COLLECTED MATERIAL:
----------------------------------------

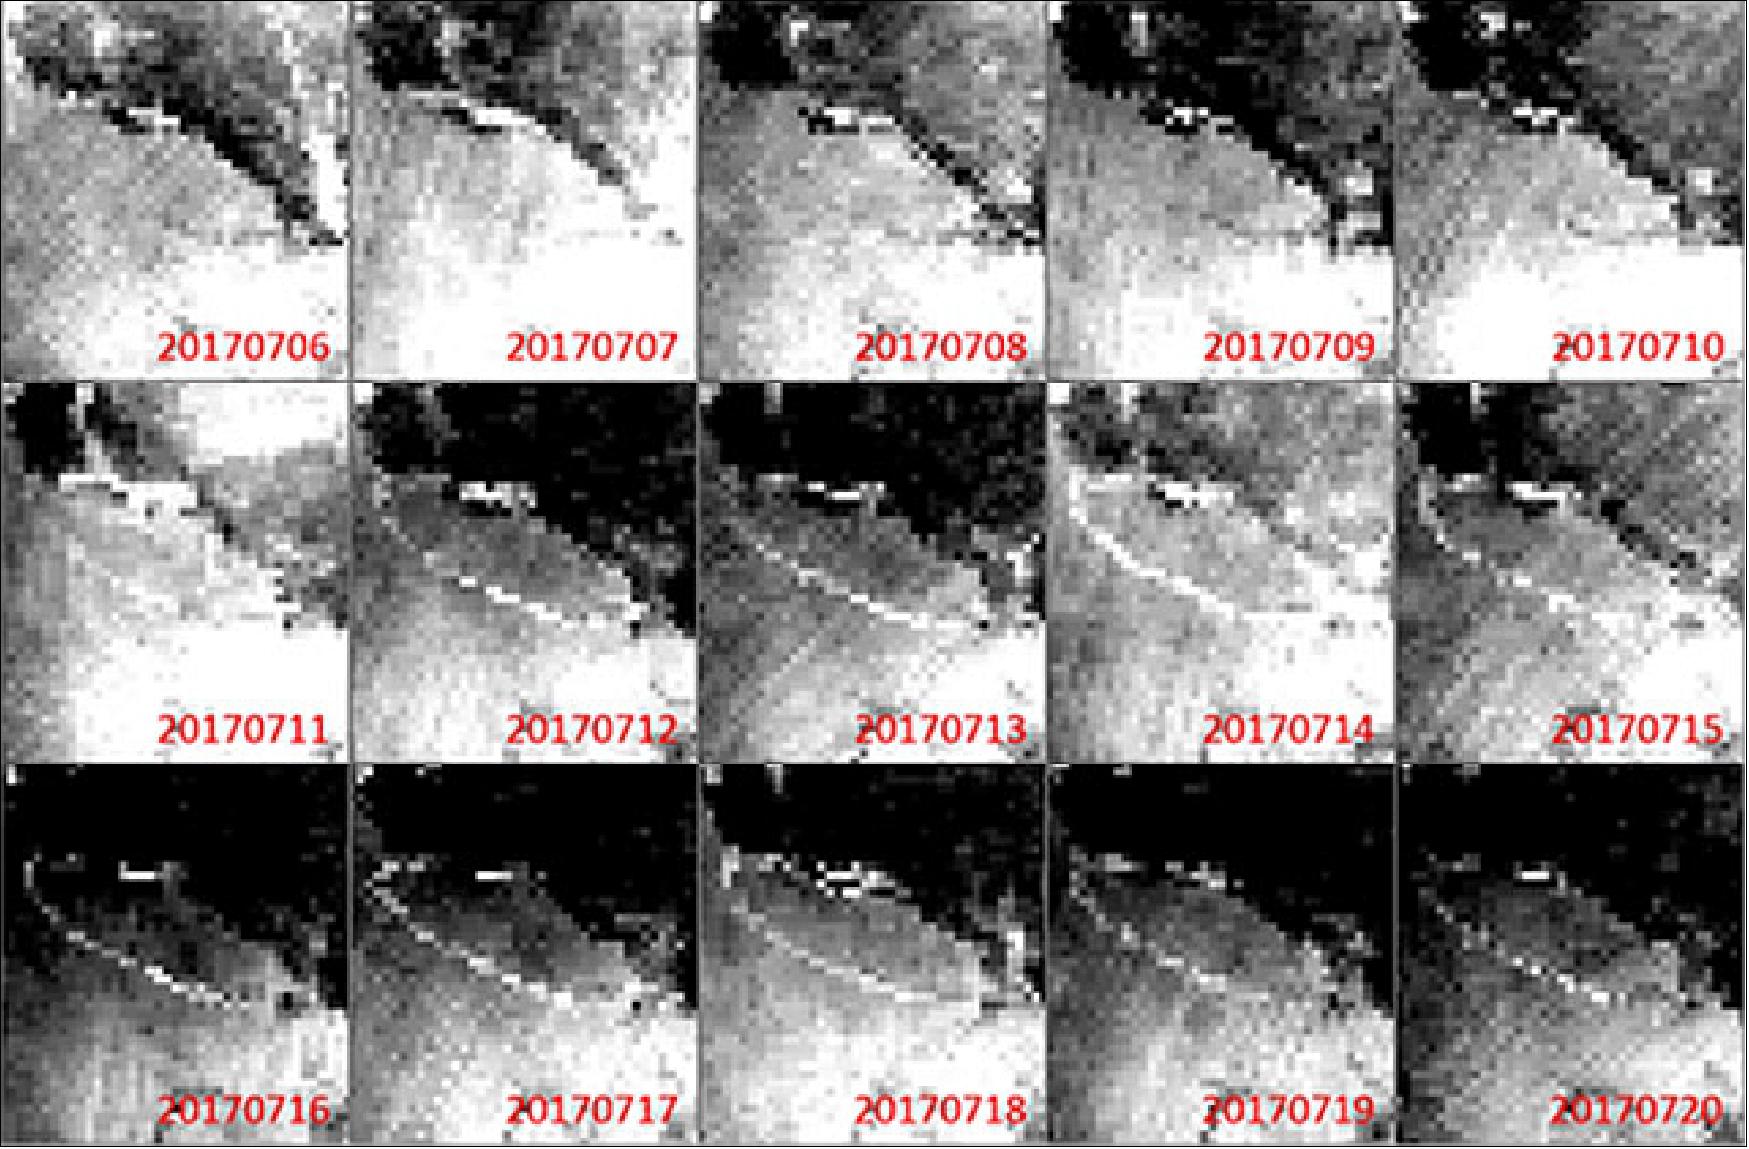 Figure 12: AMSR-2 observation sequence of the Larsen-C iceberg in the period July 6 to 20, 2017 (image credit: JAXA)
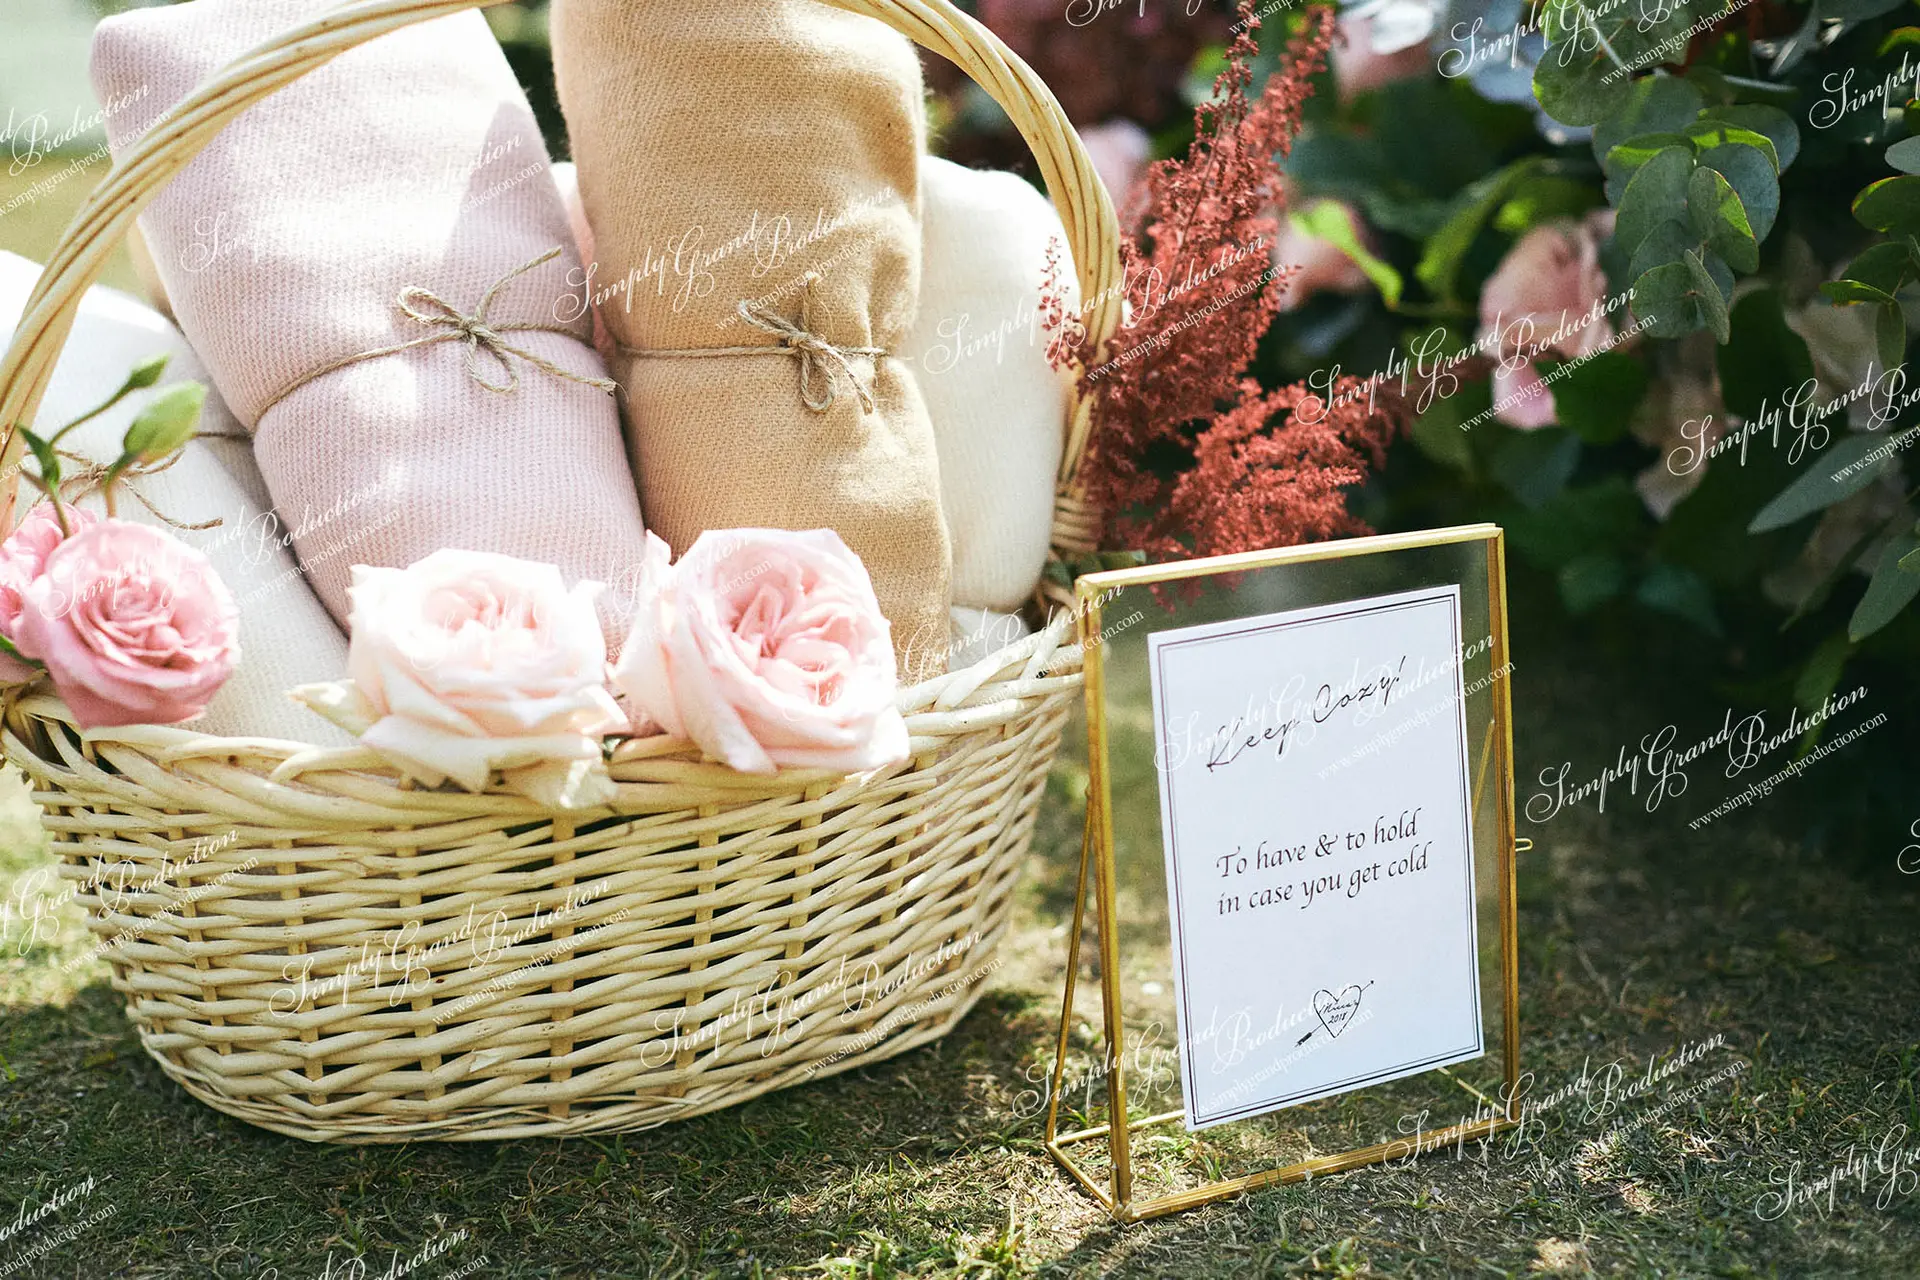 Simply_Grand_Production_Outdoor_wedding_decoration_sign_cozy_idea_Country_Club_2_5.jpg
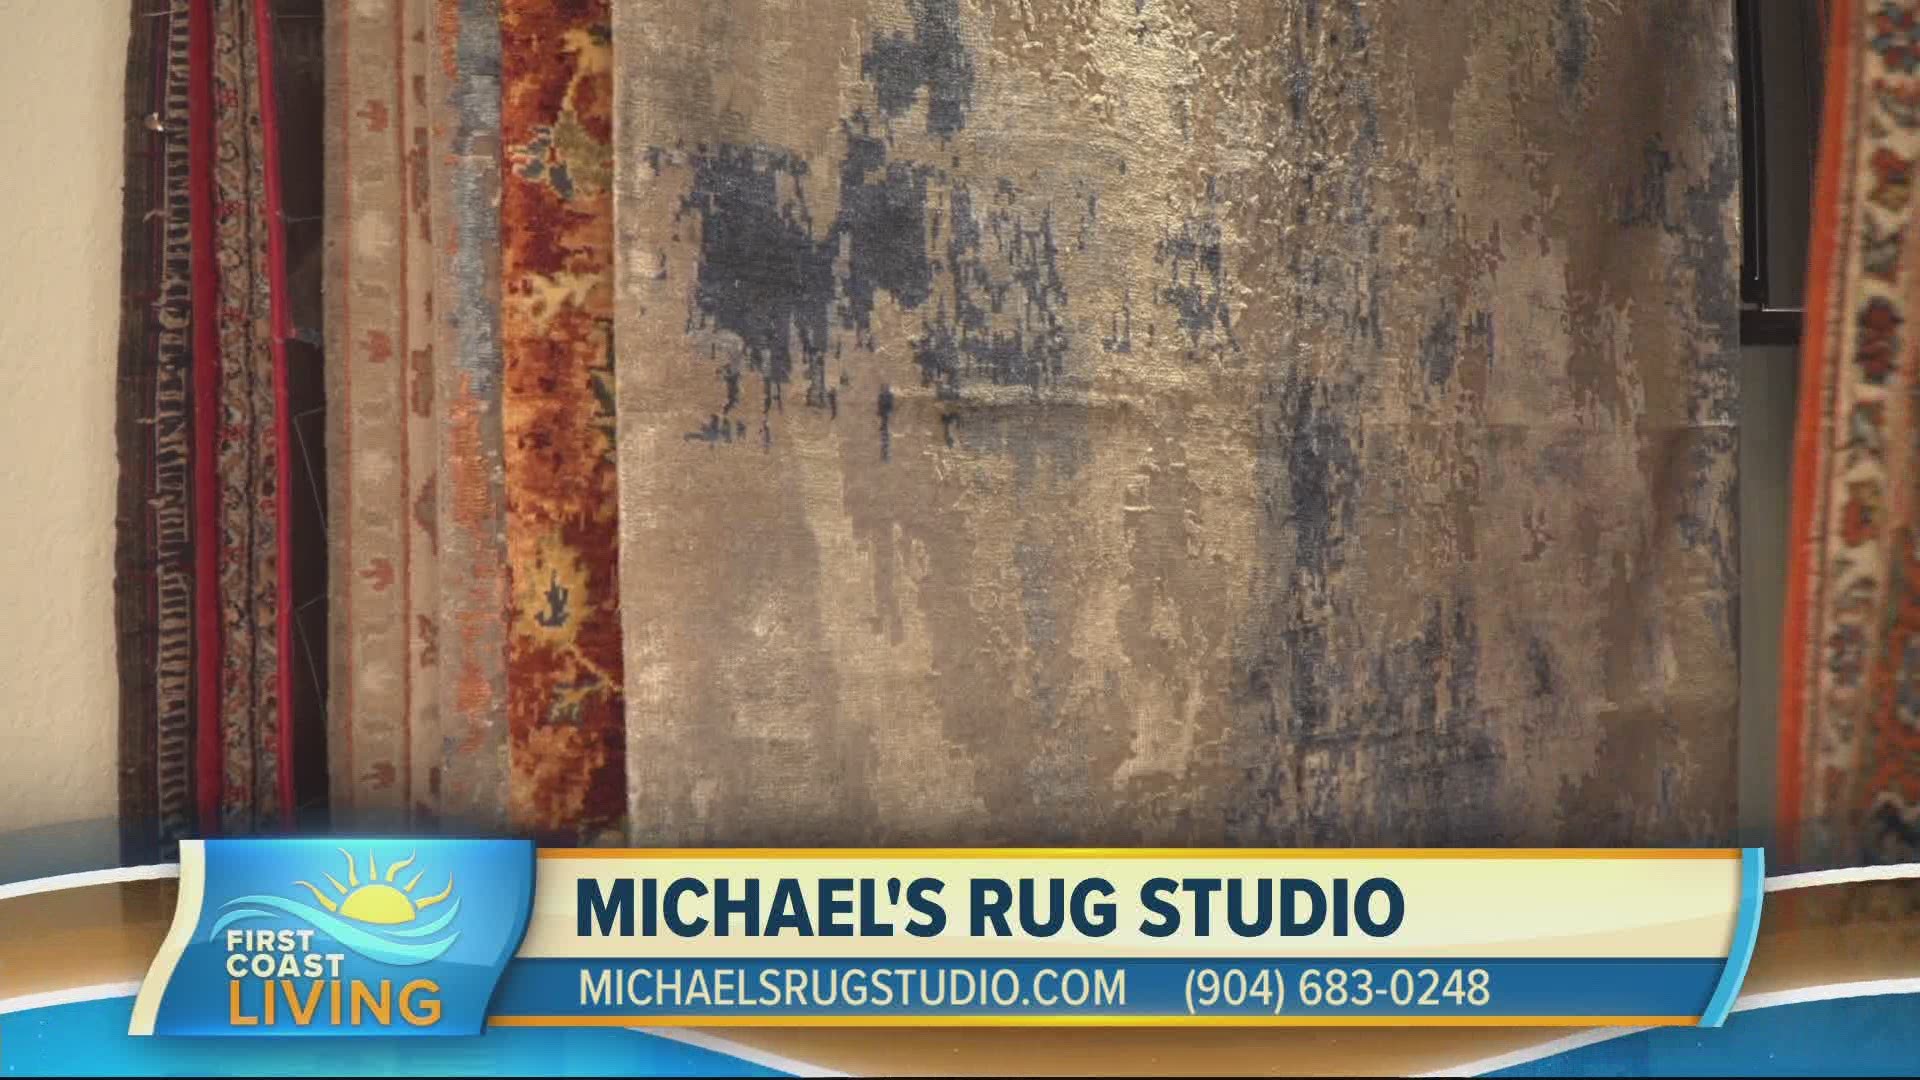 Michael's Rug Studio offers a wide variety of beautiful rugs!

----------------------------------------

TRY IT:
Everything in the data above, apart from the pictures, should be retyped exactly.

RESPONSE BOX:
 Figure 12: AMSR-2 observation sequence of the Larsen-C iceberg in the period July 6 to 20, 2017 (image credit: JAXA)
 Simply_Grand_Production_Outdoor_wedding_decoration_sign_cozy_idea_Country_Club_2_5.jpg
 Michael's Rug Studio offers a wide variety of beautiful rugs!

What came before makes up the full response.